The Hotel de Rome is also Joe Cocker’s chosen port of call, indicating that the 68-year-old once known as the Sheffield Soul Shouter is no longer on his uppers. Virtually bankrupt in the mid-70s, he is now almost establishment: he’s got an OBE, he’s sung for the Queen, his interview suite is laid out with expensive chocolates and current craze macaroons. Luxury you can afford, Joe? 

“Ha! Yes. Very good. The title of my only album for Warners, 1978. They sued me because it sold 300,000 copies! I’ve just got the rights back to that and my Sheffield Steel record, which is quite handy. I can’t get hold of my first three A&M albums, though, the ones that made the real money.” 

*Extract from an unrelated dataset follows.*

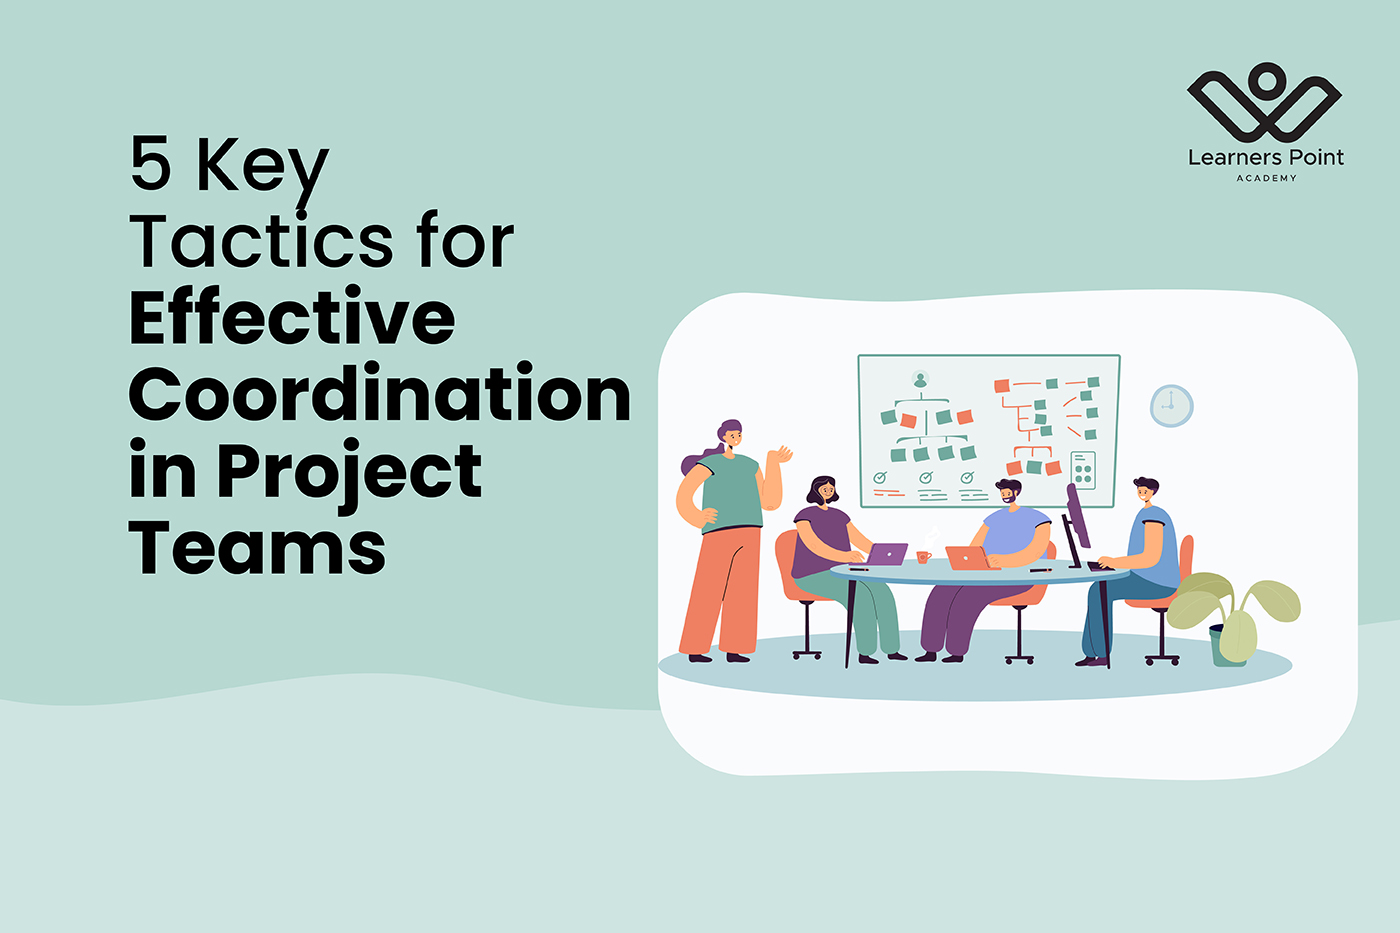 5 Key Tactics for Effective Coordination in Project Teams

These days Joe, who is stocky and exceptionally pleasant, lives on his Mad Dog ranch in Colorado, where he used to graze Watusi cattle but now sticks to growing tomatoes. Gratifyingly, he’s still got his Yorkshire accent, and he still follows Sheffield United, The Blades. 

“Aye, the old Northern bit. I suppose my journey from 16-year-old gas fitter to today is a bit staggering. On my last trip to Australia, some old cat said: ‘You’ve led a life.’ Not a good one, mind. Not even a bad one. Just a life. Looking back, if I hadn’t made it I doubt I’d have stayed as a gas fitter. I’d still be singing in pubs and wondering what might have been.” 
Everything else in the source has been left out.